The primary goal for auto schema sync in terms of improving usability is to remove the need for users to perform a manual step in order for metadata changes made using native NdbApi to be visible in MySQL servers. By default the Metadata Change Monitor component polls for mismatches every 60 seconds which ensures that all metadata changes are eventually propagated to the MySQL servers without any user intervention. The feature can be enabled or disabled by setting the ndb_metadata_check MySQL server system variable to 1 or 0 while the interval can be tweaked using the ndb_metadata_check_interval system variable. The shorter the interval, the quicker the mismatches will be detected and synchronized but this also results in more resource utilization which is a trade-off the user will have to be wary of.

There are a couple of MySQL server status variables: Ndb_metadata_detected_count and Ndb_metadata_synced_count which contain the count of the number of objects detected and synchronized respectively.

The above mechanism ensures that the metadata is eventually present in the MySQL server’s DD and also serves as an option to fall back on for certain failed schema distribution or schema synchronization attempts. It is, however, not a drop-in replacement for the erstwhile SHOW TABLES behaviour. There’s still a valid use case where, for example, an application needs to restore metadata using the ndb_restore utility and then ensure that all the metadata is now present in the MySQL server before continuing with further processing. In such cases, the eventual consistency achieved by the polling Metadata Change Monitor and synchronization of the queue is not ideal as it would require additional application logic to see if the metadata is present or polling the above status variables until the desired state is detected. To solve this, a new MySQL server system variable called ndb_metadata_sync was introduced.
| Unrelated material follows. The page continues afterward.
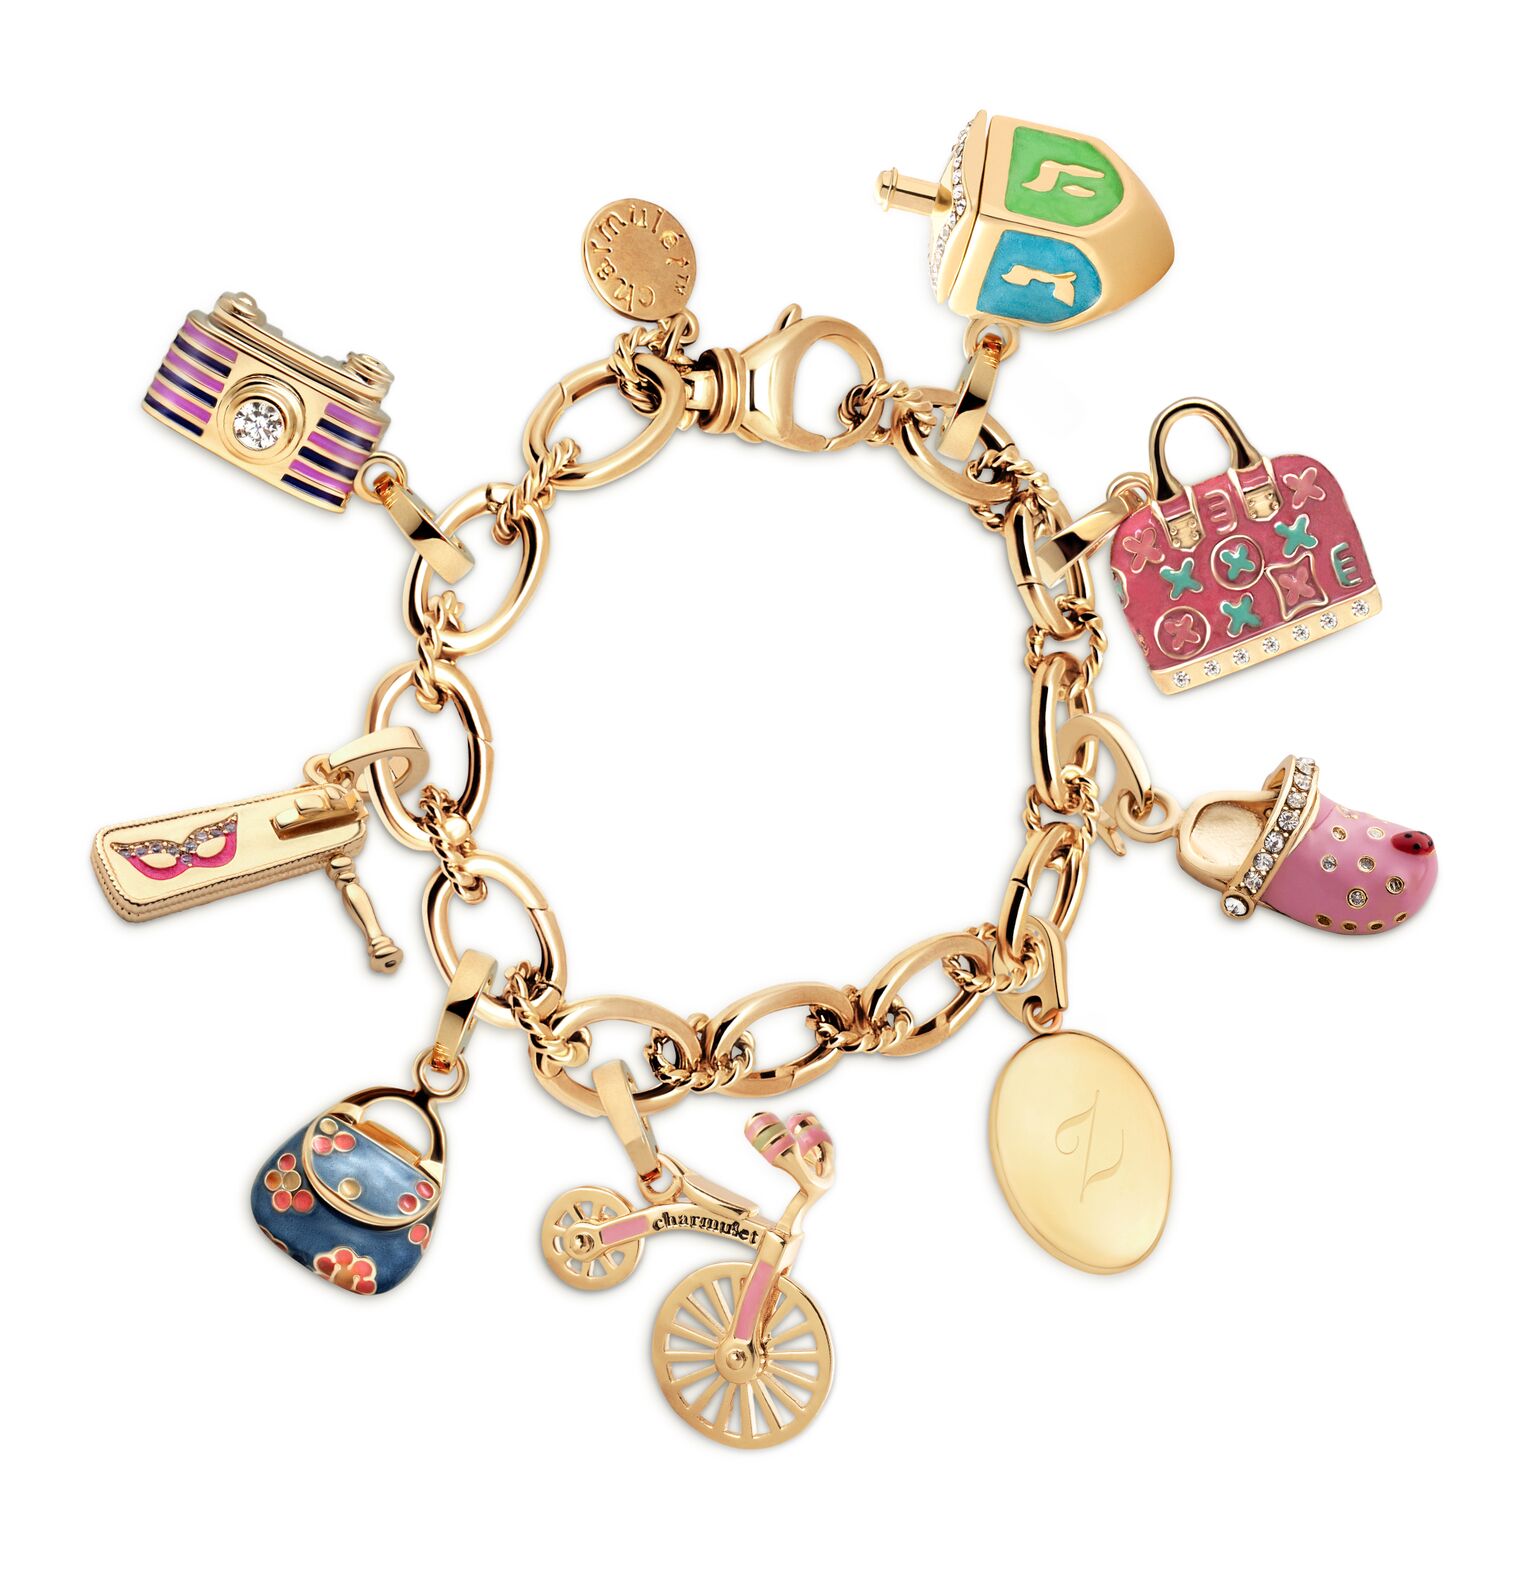 All Charmulet charms and charm bracelets are of the highest quality and designed to delight and enchant.

The usage is neatly summarized in the MySQL manual which is quoted verbatim below for the sake of convenience:

Setting this variable causes the change monitor thread to override any values set for ndb_metadata_check or ndb_metadata_check_interval, and to enter a period of continuous change detection. When the thread ascertains that there are no more changes to be detected, it stalls until the binary logging thread has finished synchronization of all detected objects. ndb_metadata_sync is then set to false, and the change monitor thread reverts to the behavior determined by the settings for ndb_metadata_check and ndb_metadata_check_interval.

This can be demonstrated with the help of a small example as follows:

Assume that the above metadata is backed up using the ndb_mgm client (skipped for the sake of brevity) and then the database ‘db1’ is dropped using the MySQL client. The ndb_restore utility can be used to create the metadata in the NDB Dictionary but not in the DD of the MySQL server. Rather than waiting for periodic polling to find the mismatch and synchronize the schema, a user can simply set the ndb_metadata_sync variable to true and wait until it is automatically flipped back to its default value of false.

Global Locks

In the NDB Cluster 7.x implementation, a global lock is taken which spans the entire duration of the synchronization activity. With auto schema sync, it is now held only for multiple, short intervals. The NDB Event Handling component acquires (and releases) this global lock on a per object basis. An important thing to note is that a try-lock strategy is employed when it comes to acquiring this lock. This, coupled with the fact that the locks are short-lived, makes auto schema sync less intrusive and less likely to affect other DDL changes that may be taking place in parallel.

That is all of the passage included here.